(Collected data)
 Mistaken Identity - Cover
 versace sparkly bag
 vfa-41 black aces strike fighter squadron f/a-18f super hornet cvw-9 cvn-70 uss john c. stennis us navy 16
(End Collected data)
Restate all the material above, keeping each word as it is.

 Mistaken Identity - Cover
 versace sparkly bag
 vfa-41 black aces strike fighter squadron f/a-18f super hornet cvw-9 cvn-70 uss john c. stennis us navy 16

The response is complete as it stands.